Visitors look over modular homes Friday at the Recovery Expo in Biloxi, Miss. 
 (Photos by Associated Press / The Spokesman-Review)
Richard Fausset Los Angeles Times

BILOXI, Miss. – It is a sort of post-Katrina state fair. A trade show custom-tailored for a ruined land. A convergence of building and zoning experts, readily accessible bureaucrats and salespeople who have just the extra-thick siding you’ve been looking for – the kind with the patented Twister Lock and Cyclonic Locking System that withstands winds as high as 187 mph!

Mississippi Gov. Haley Barbour is billing it as the first “Recovery Expo,” a free event that opened Friday at the Mississippi Coast Coliseum and runs through the weekend. Organizers are hoping the state’s hurricane victims will leave here with their legal questions answered, a prefab home picked out, and renewed energy that will help the long-suffering coast bloom with building projects as the one-year anniversary of the storm approaches on Aug. 29.

So far, Mississippi’s rebuilding effort has been heartening and frustrating. Thousands of Gulf Coast residents are still in trailer homes, and many waterfront communities are strewn with ghostly husks of businesses and homes.

But Gavin Smith, the state recovery director, says momentum is starting to build here: Residents are receiving their insurance payouts, and small business loans are sprucing up commercial properties. Last month, the state began distributing a portion of $5 billion in federal rebuilding aid to 17,000 homeowners. The ravaged Beau Rivage Casino, once one of the region’s fanciest, is set for an Aug. 29 grand re-opening.

“We think we’re right at the cusp of the point where people will start building in earnest,” Smith said.

Some of the most ardent believers in that forecast were the dozens of building industry representatives who dominated the Expo. If the style of their message owed a debt to Dale Carnegie, the substance took a cue from the little pig who built with bricks. Their names alone set the theme: Kodiak Steel Homes; Safeway Homes; House Raising of the Gulf Coast LLC; FloodBarrier, Inc.

A company called Oceansafe Housing hawked a hurricane-proof home with walls made from a kind of steel and polystyrene sandwich. Employee Susanne Bohr said the idea has been a success in the Caribbean.

“A NASA engineer holds the patent,” she said.

A salesman named Steve Bishop offered an array of hurricane-proof doors and windows. He was hoping to hook up with some big condo developers. He had some advice for them, too: build the high-rises with multilevel car garages on the first few floors.

“Then you’re going to lose cars, not people,” he said.

One booth touted the “DuPont Storm Room,” with a model on display. It seemed normal enough, about the size of a guest bathroom. But the accompanying text noted that it was reinforced with Kevlar: “The same life-saving fiber used in bullet-resistant vests.”

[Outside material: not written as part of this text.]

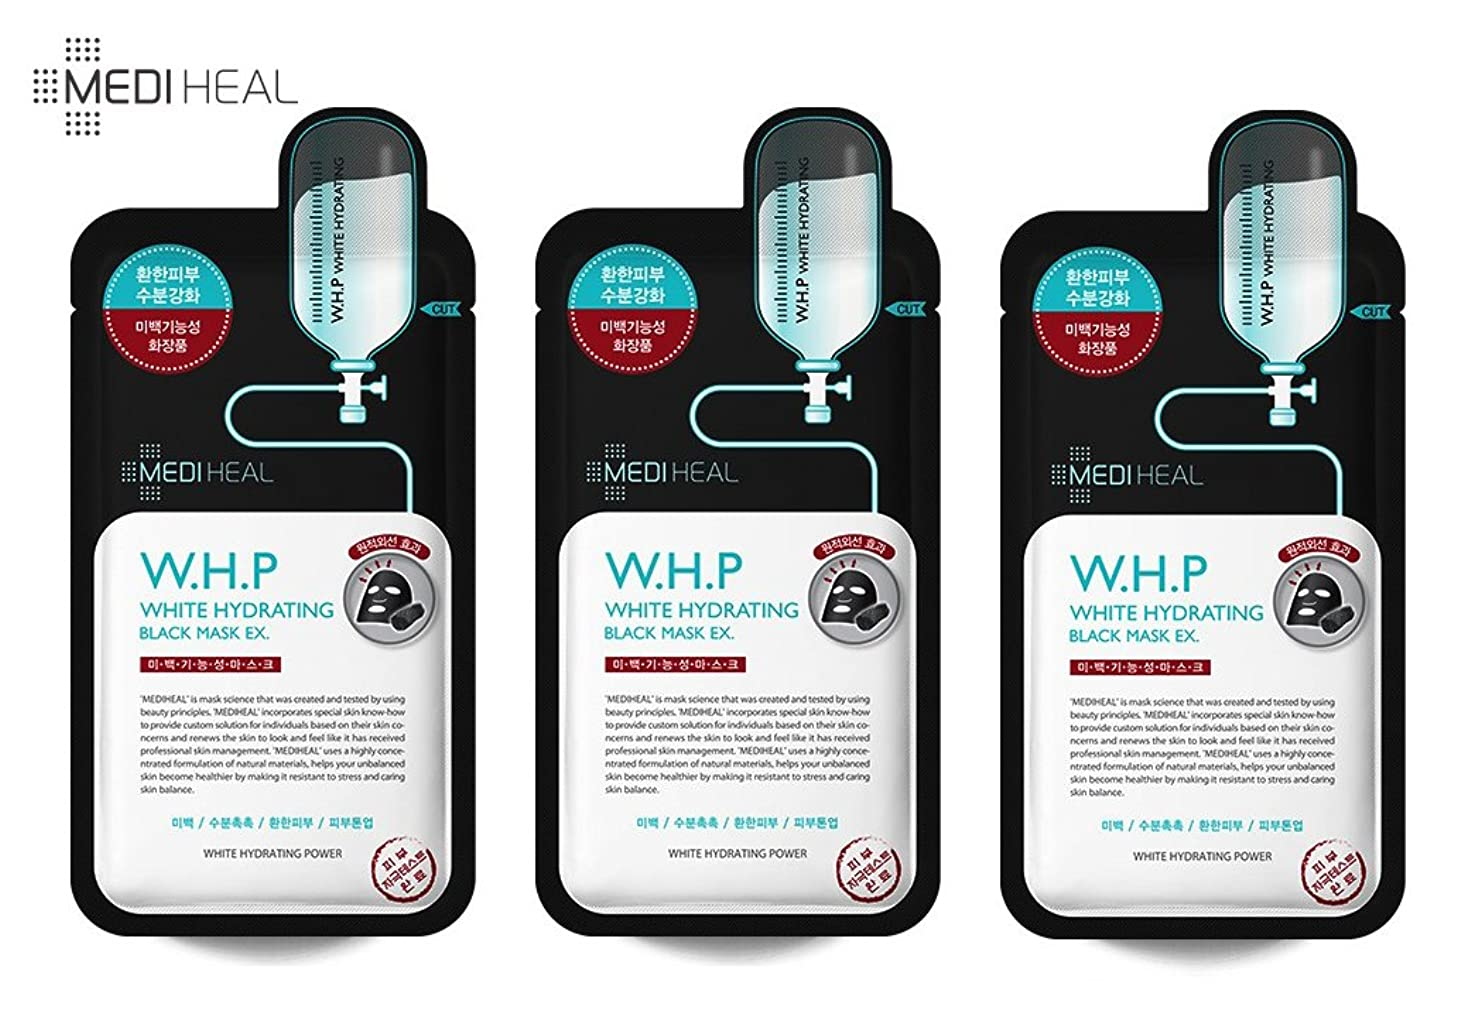 踏みつけ実際大腿[本物] メディヒール Mediheal W.H.P 美白水分 ミネラル 炭 マスクパック (10枚) [並行輸入品]

Neil Smith, the DuPont distributor, said the storm room doesn’t make much sense directly in the flood zone, but could be helpful a couple of miles from the beach, where the greatest danger from a hurricane is wind damage rather than water.

Blake Hobson, who was there pitching the siding with the “cyclonic” technology, said companies like his stood to make money on the coast in the coming years. “This whole place has got to be rebuilt,” he said.

A number of exhibitors touted their pre-fabricated houses, which these days go by the name “modular” housing, to sidestep trailer-park stigmas. Across the Gulf Coast region, officials are hoping that architecturally spiffed-up versions of this old, affordable idea will help bring long-term housing to the region, and fast.

Barbour, who kicked off the event Friday morning, said that with chronic labor shortages, the region has to rely on homes that are at least partially assembled in a factory.

“We have to replace 70,000 units of housing,” Barbour said, referring to the number of homes destroyed or rendered uninhabitable by the storm. “We’ve never built more than 2,800 units of housing on the Mississippi Gulf Coast in one year.”

The expo also hosted a number of government agencies to answer questions about job training programs, evacuation routes and new height requirements for houses. A Federal Emergency Management Agency booth displayed a “Home Builder’s Guide to Coastal Construction.”

The arena itself was severely flooded in the storm – its Web site shows large waves coursing across the main floor. As Mississippians crowded the exhibit area Friday, a work crew was hammering away nearby, fixing up a section of the building that still had no windows.